It is 2 p.m. on a Monday and unusually warm for October in Philadelphia. An iPod plays French music as Jihed Chehimi bumps around his station. The day usually starts at 11 a.m. or 12 p.m. “I’m always late!” he laughs. It’s a lifestyle choice. Jihed’s commute is a quick drive—probably with the windows down and Buena Vista Social Club playing—over the Walnut Street Bridge to Penn’s campus from his home in Fairmount. Late, or fashionably late, Jihed always begins his day in style, giving endless smiles and second–hand whiffs of European cologne.

There is something precise about the way he slips the blue latex gloves on his hands. It is quick, clean, automatic. After 25 years conducting lab research on viral immunology, it’s a habit. But Jihed is no longer pipetting DNA into a test tube; he traded his lab specimens for radishes and rose water. The muscle memory is obvious. Jihed glides through a baguette with his serrated knife and carefully layers salmon, radish, egg, capers and caviar, then douses it all with a squeeze of fresh lemon to create La Josie: The Swedish Salmon Smörgås.

Two years ago, Jihed walked two blocks westward from his laboratory at the Wistar Institute at 35th and Spruce Streets to begin a new experiment: Chez Yasmine Food Truck. Jihed hardly looks like your typical food truck guy. Instead, he looks like he’s ready for a vespa ride by the Seine. The slim, tanned fifty–something wears fitted jeans and an abstract–design button–up shirt. His sleek, shaved head hides behind a pair of tinted aviators. He is mysterious—like his accent, which is somewhere between French and Arabic.

Jihed was born and raised in Tunisia and received his PhD in Immunology and Infectious Disease in Paris. He came to Philadelphia in 1987 to teach at Penn's School of Medicine. In 2000, he transitioned to the Wistar to conduct grant–funded research on AIDS and Hepatitis C. When the cut–throat competition to renew grants became unbearable, he left.

Jihed and his research friends had toyed with the idea of opening a food truck before. “The friends left, but the idea didn’t,” he smiles. The small cart is nestled between Chinese and Indian, just above the Trolley stop. It is named after his daughter Yasmine—who is Tunisian and Swedish, by her mother.

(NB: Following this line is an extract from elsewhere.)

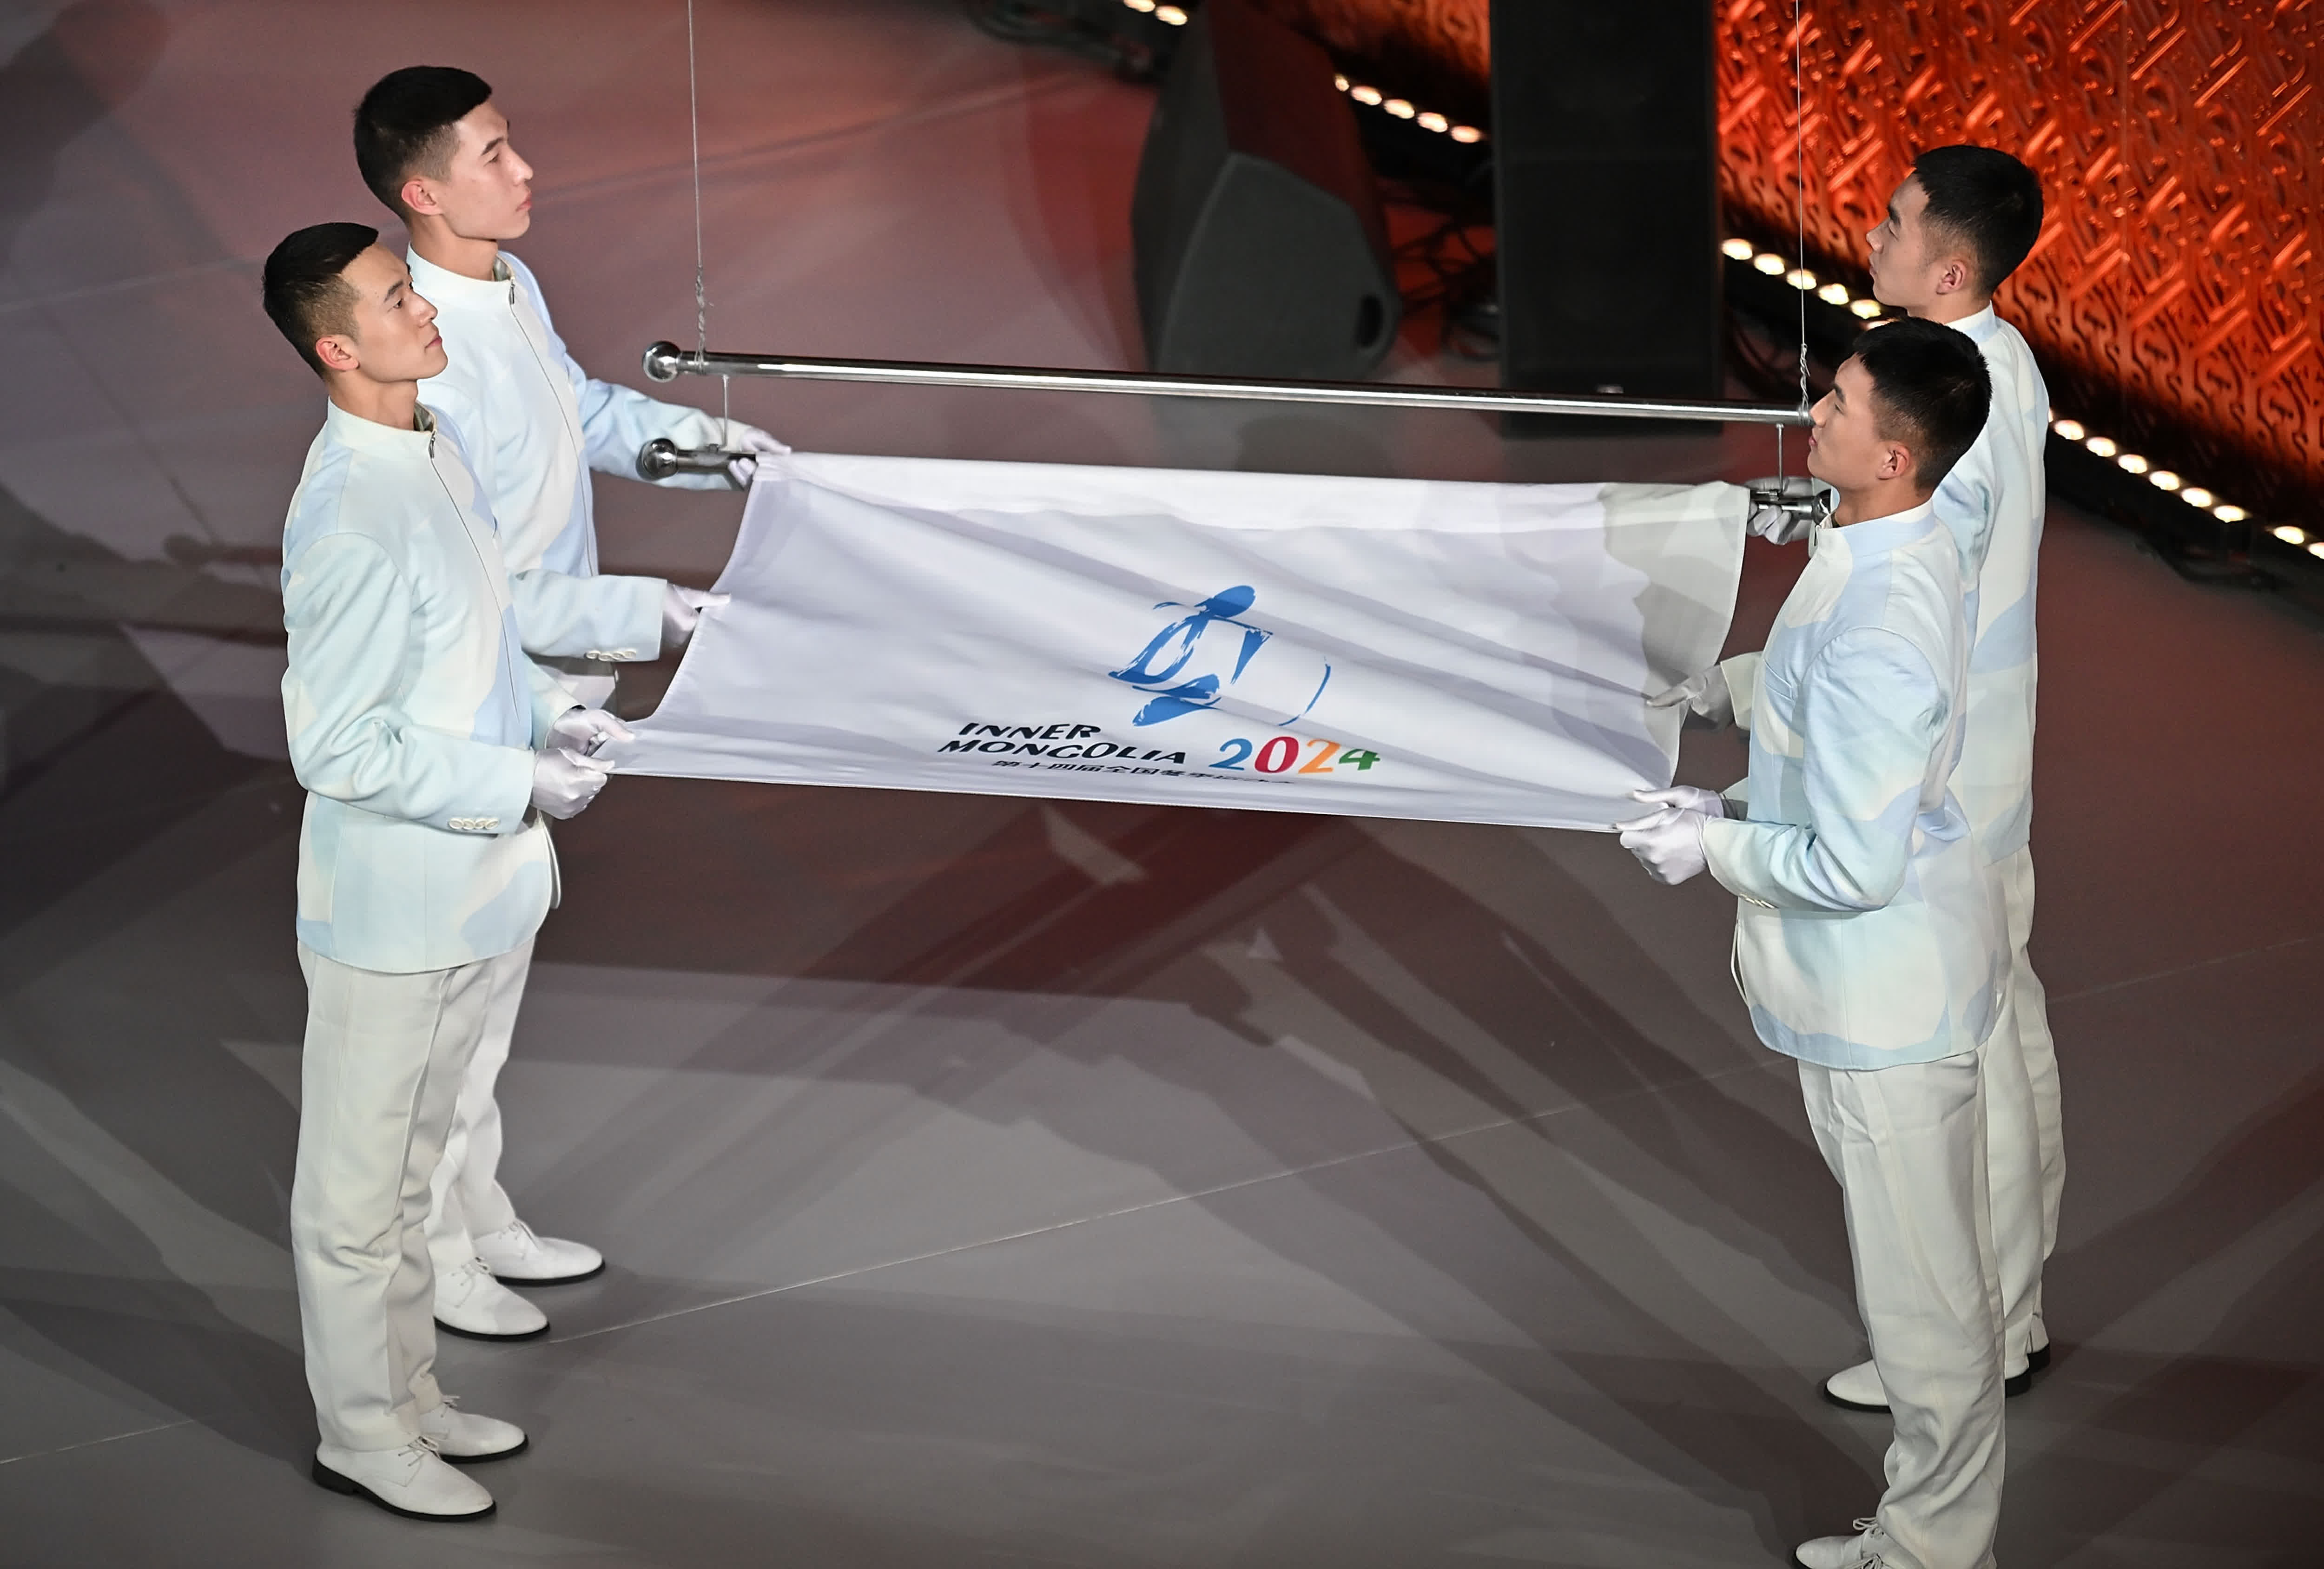 這是2月27日在閉幕式上拍攝的中華人民共和國第十四屆冬季運動會會旗。
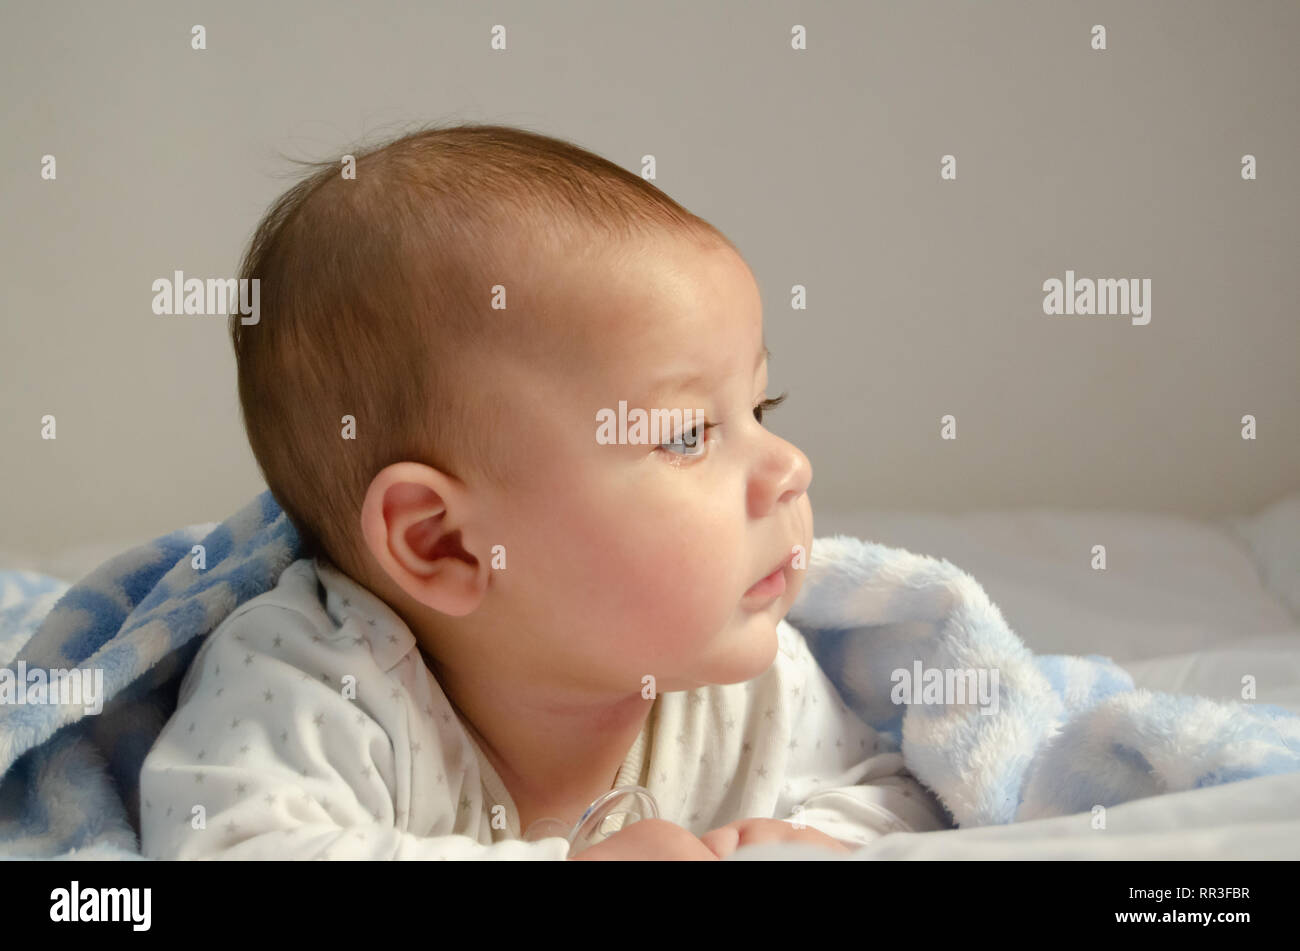 Carino 4 mesi baby boy avente pancia tempo sul panno bianco coperto con blue blanket - Salute e infanzia felice concetto Foto Stock

It took 19 months to create the menu. According to Jihed, he “tested dishes the right way” at dinner parties. The physical truck part was not so easy, either. “For months, I could not attach the truck to my car. Every day it fell off into the middle of the street, until the Asian fruit cart guy,” Jihed points across Spruce, “taught me how to use the, quest–ce que c’est…?” Jihed does a cranking motion at his employee Seth. “A car jack? Ah yes, the car jack—but I still can’t back up!”

The real hard work is found in Jihed’s mission to create a unique culinary experience. Chez Yasmine’s menu appears more strange than his career path, because it is. It starts with the Wistar Sandwich, and features cuisine from Vietnam, Sweden and France—all the way back to Tunisian specialties. “People tell me the menu is random, but no—it it is my heritage, my story—except the grilled cheese and PB and J… they stay on the menu because they are nostalgic for my students.” He also names each item after his most loyal students, or “kids.” “Wharton students tell me it is a great marketing strategy, but I say I’m not a business person, I’m a scientist, a nerd—it’s a thank you to Chez Yasmine’s sponsors.”

Whether it is tailoring a dish to food allergies or cooking on the spot, it is always the customer and the experience that matters. “Some students can’t afford the food, but we still make it work… I don’t care about losing money. Without my students, there is no food cart.”